* _What to produce_:
Please repeat every entry exactly as written, but skip the pictures.

* _Source records_:
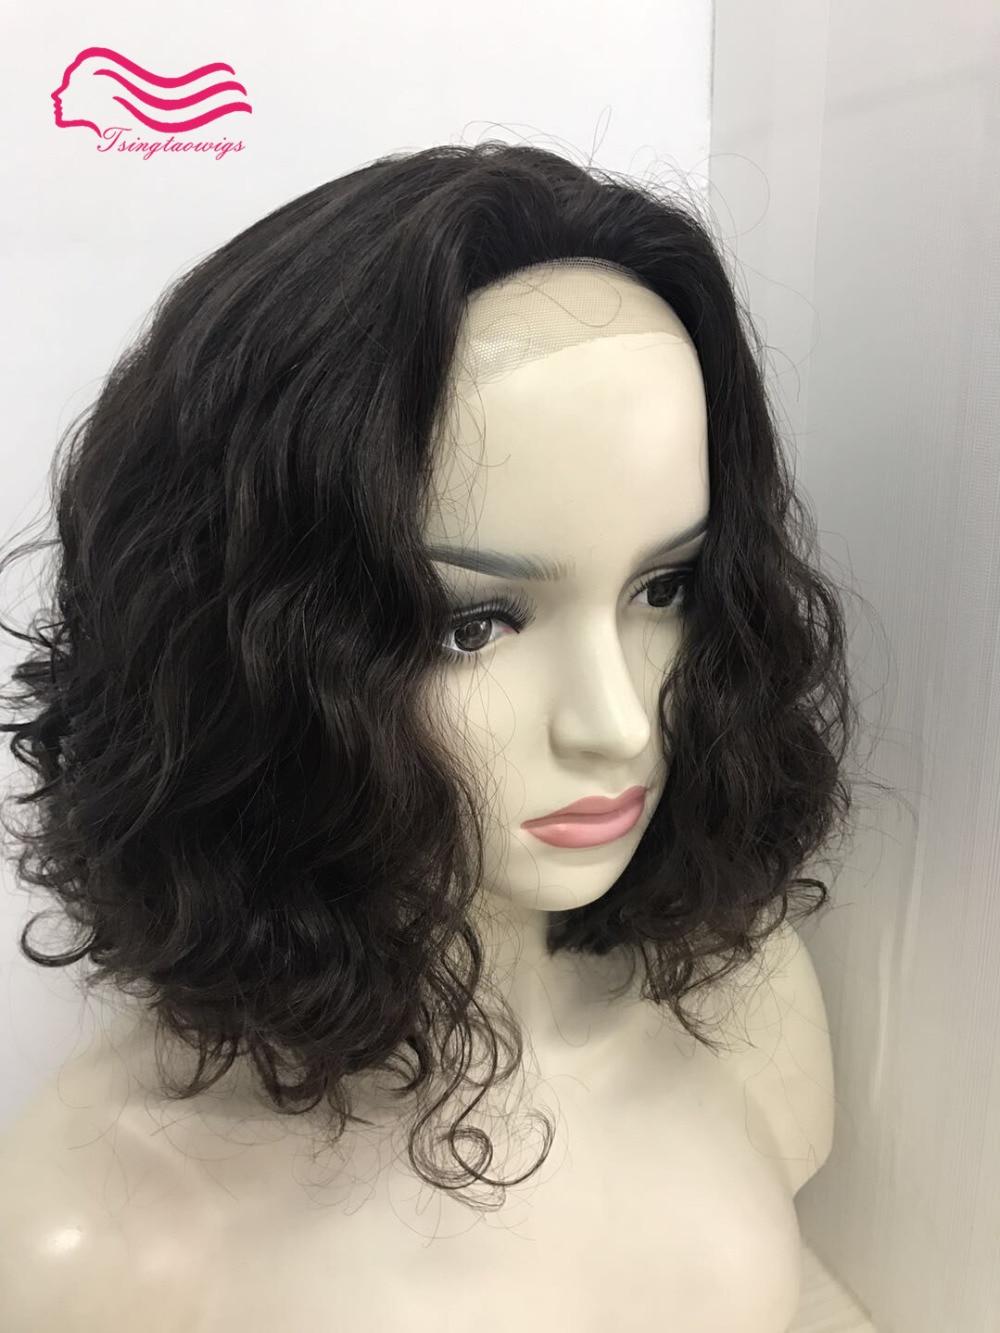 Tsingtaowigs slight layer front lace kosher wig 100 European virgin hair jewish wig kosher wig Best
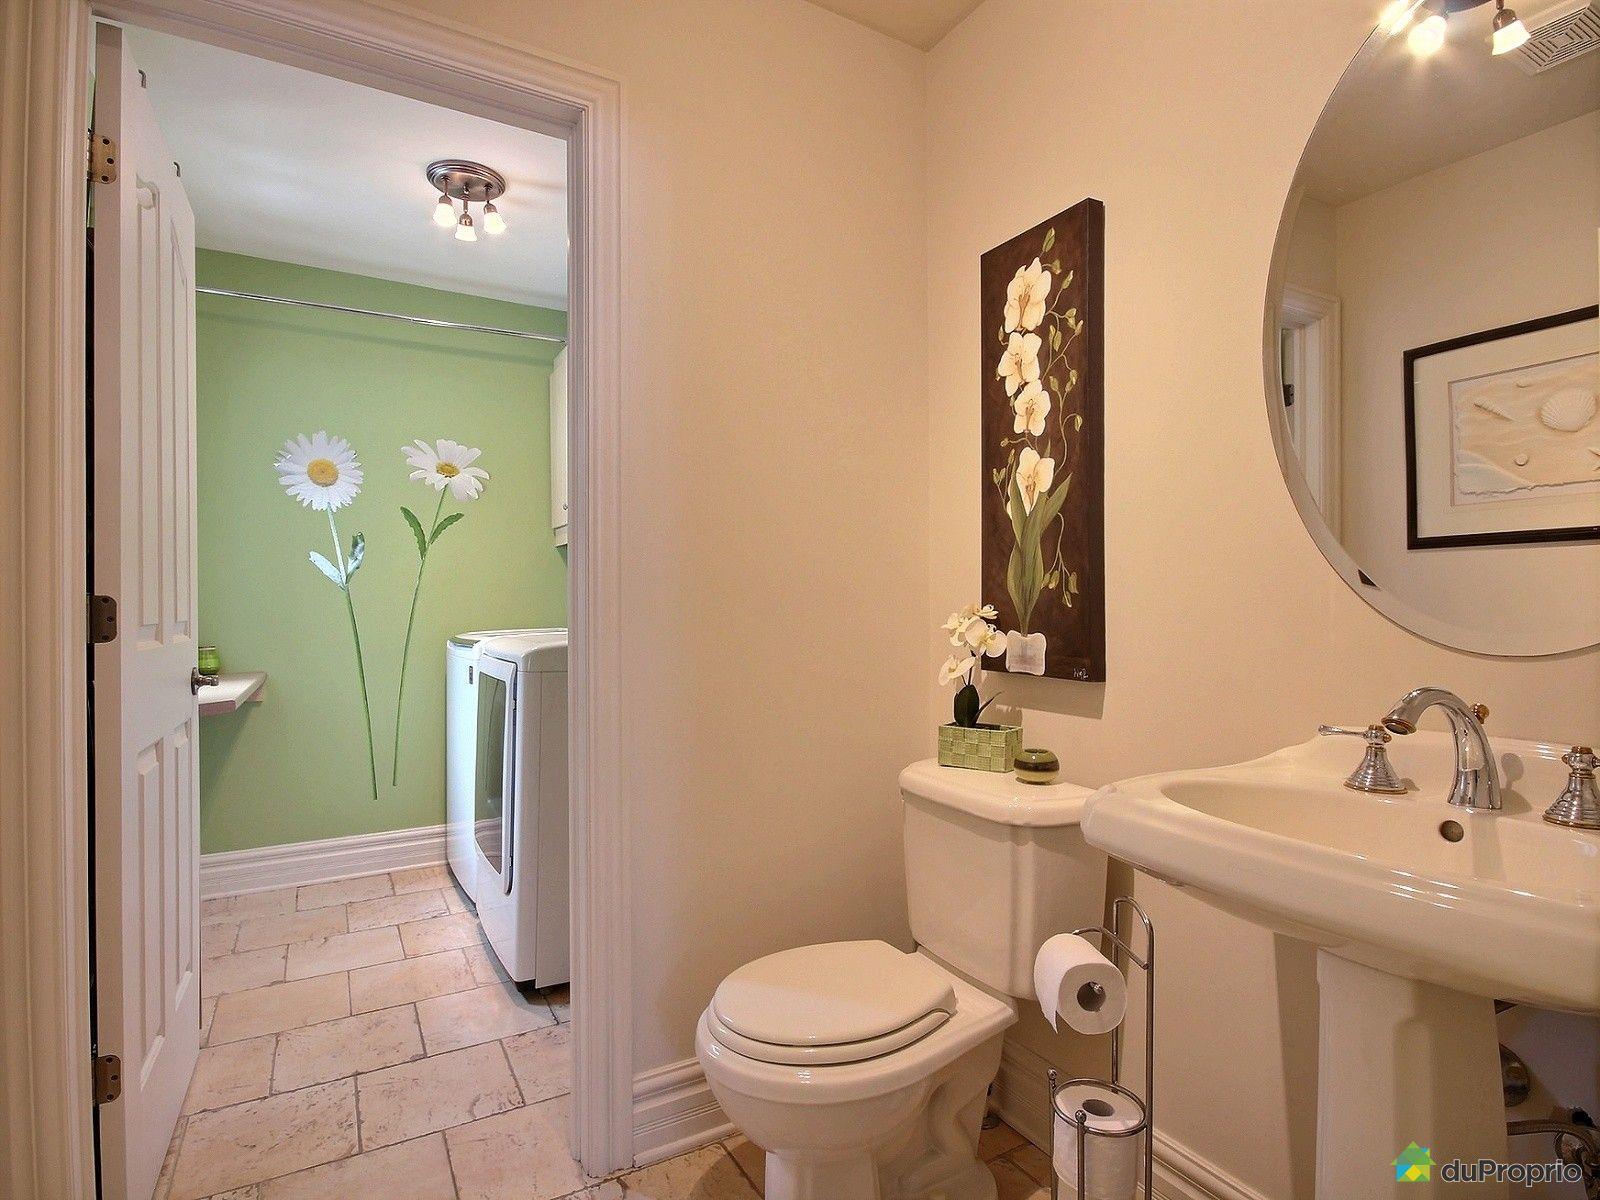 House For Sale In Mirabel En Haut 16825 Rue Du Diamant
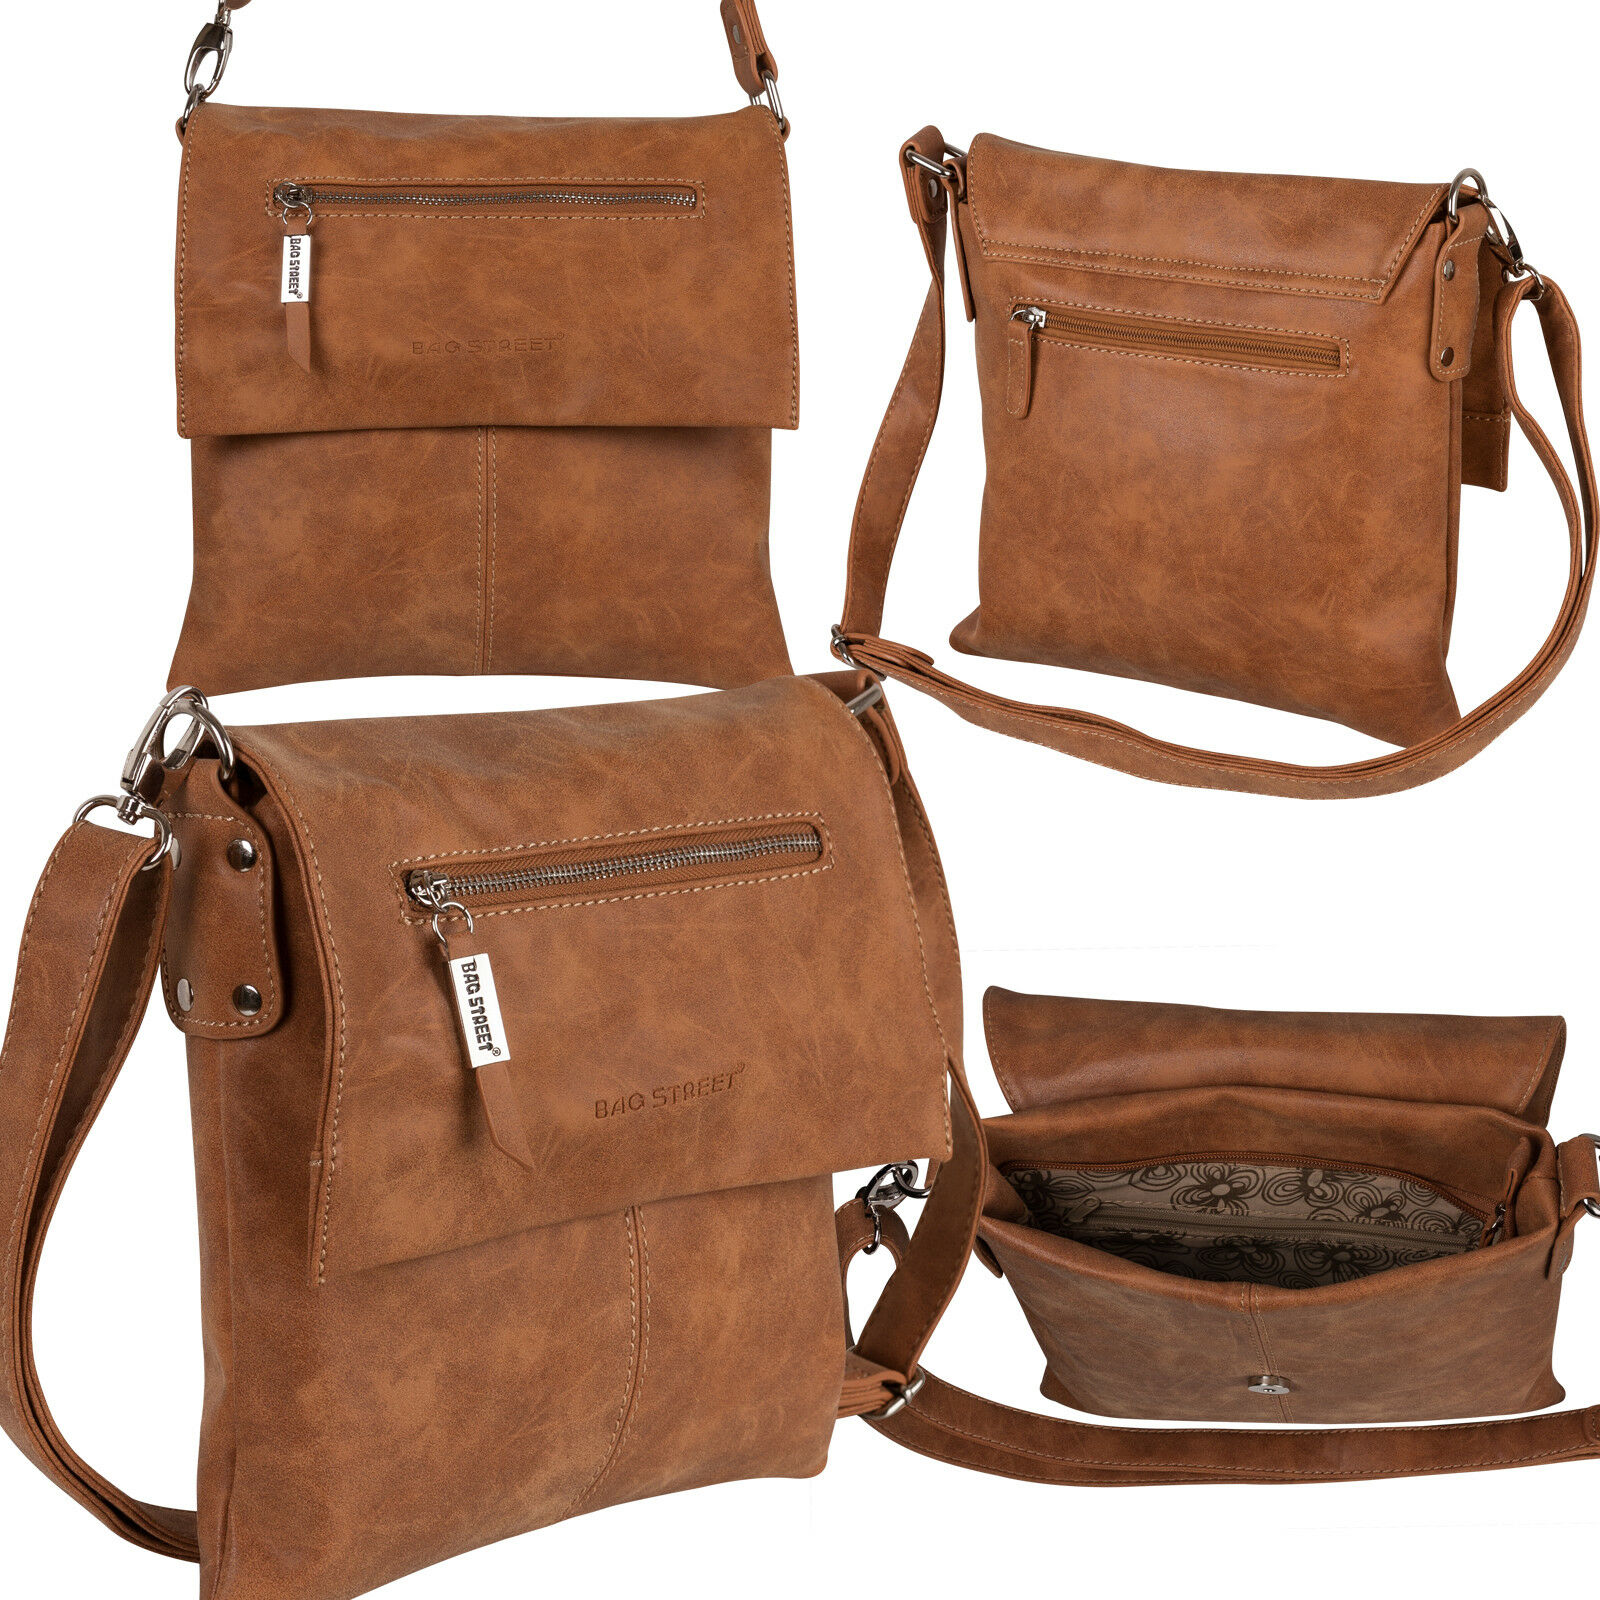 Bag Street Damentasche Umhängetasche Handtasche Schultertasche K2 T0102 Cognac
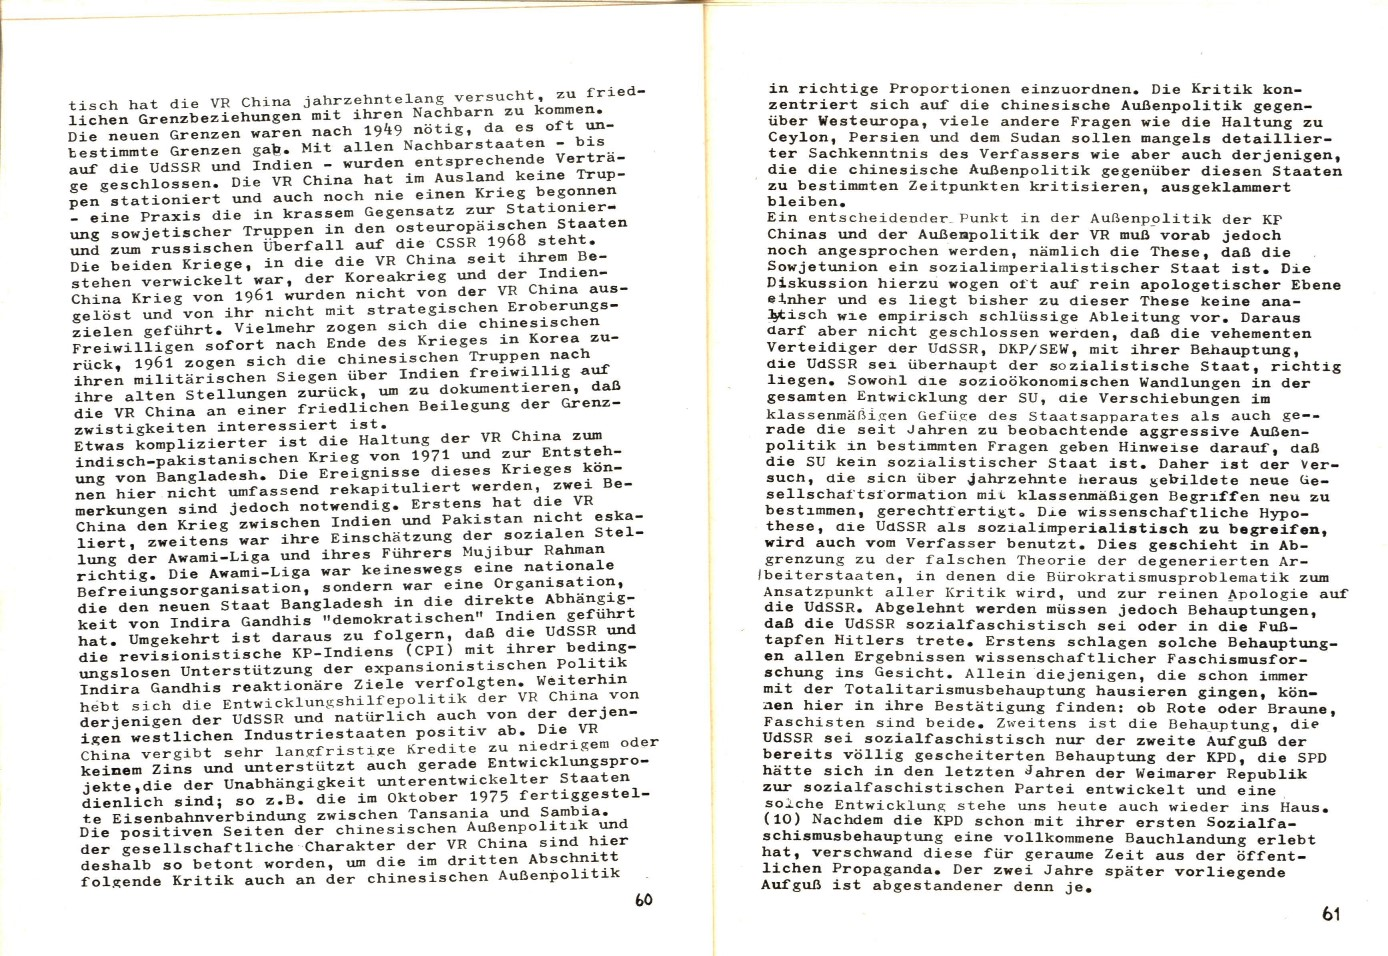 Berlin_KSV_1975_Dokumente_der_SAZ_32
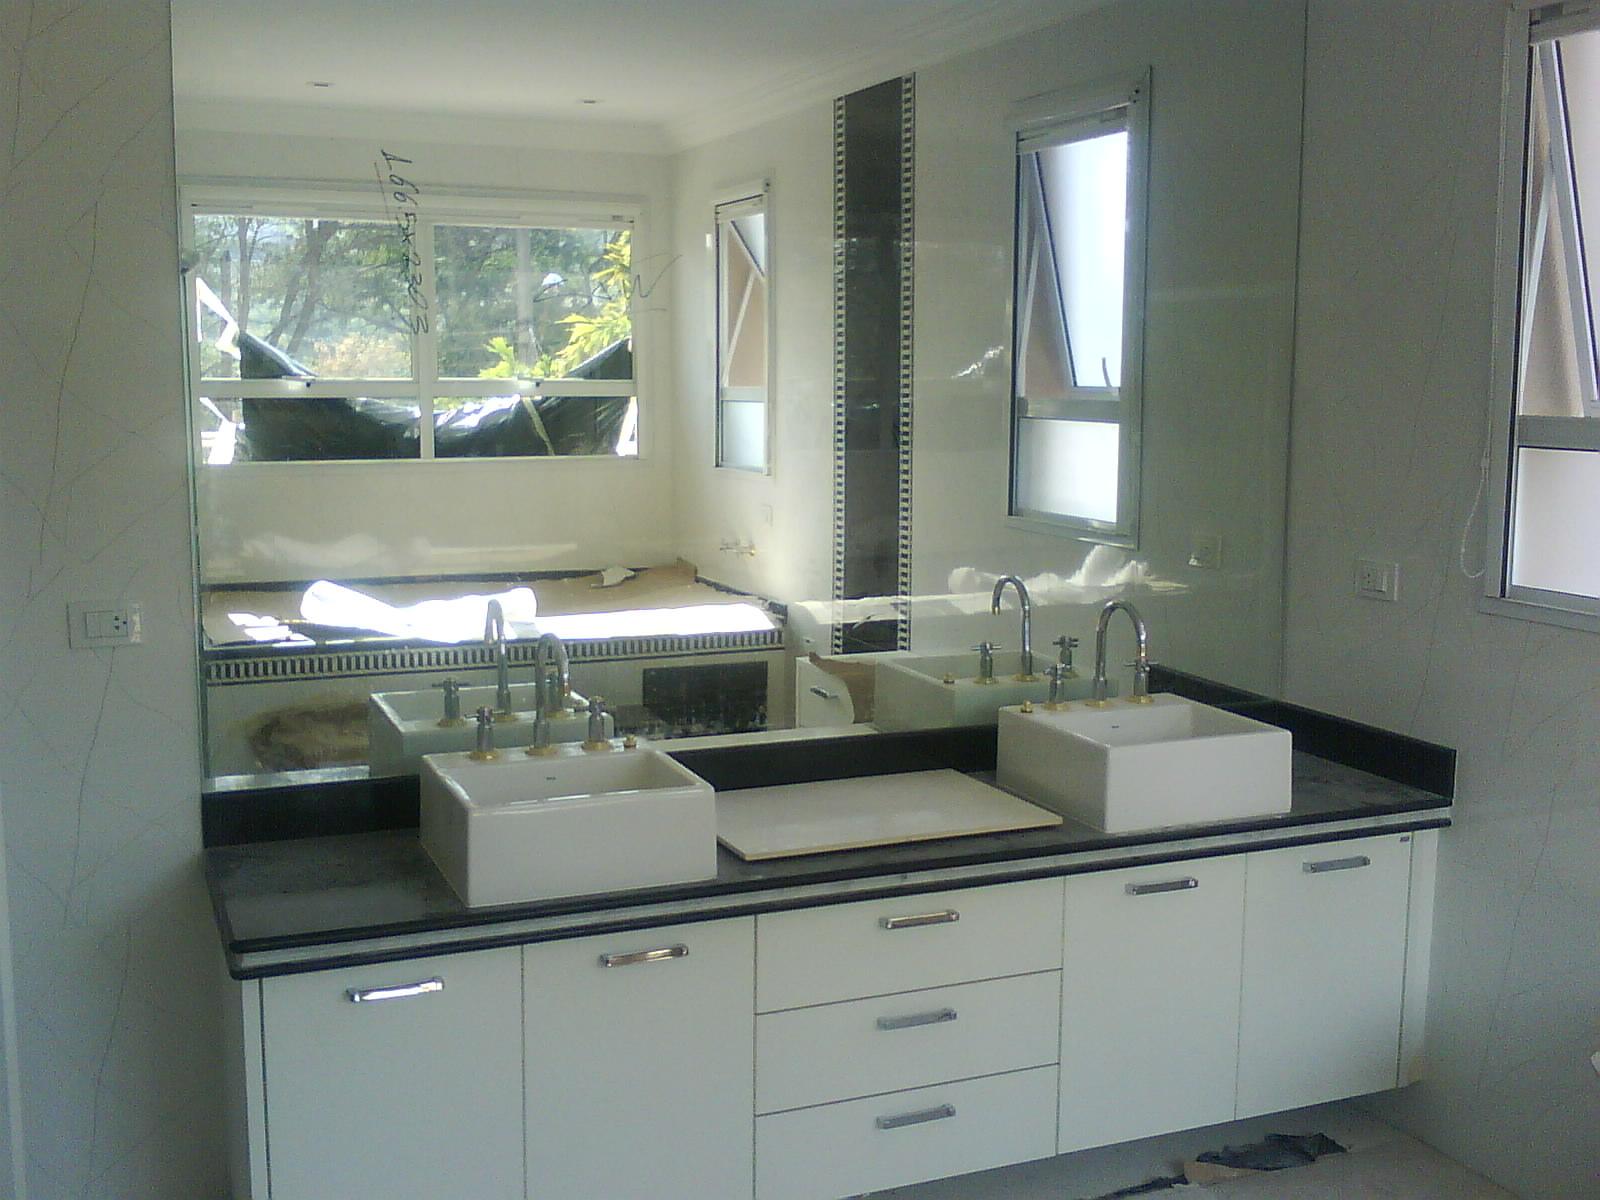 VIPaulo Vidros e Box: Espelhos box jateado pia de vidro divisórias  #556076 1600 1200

* _Task output_:
 Tsingtaowigs slight layer front lace kosher wig 100 European virgin hair jewish wig kosher wig Best
 House For Sale In Mirabel En Haut 16825 Rue Du Diamant
 Bag Street Damentasche Umhängetasche Handtasche Schultertasche K2 T0102 Cognac
 Berlin_KSV_1975_Dokumente_der_SAZ_32
 VIPaulo Vidros e Box: Espelhos box jateado pia de vidro divisórias  #556076 1600 1200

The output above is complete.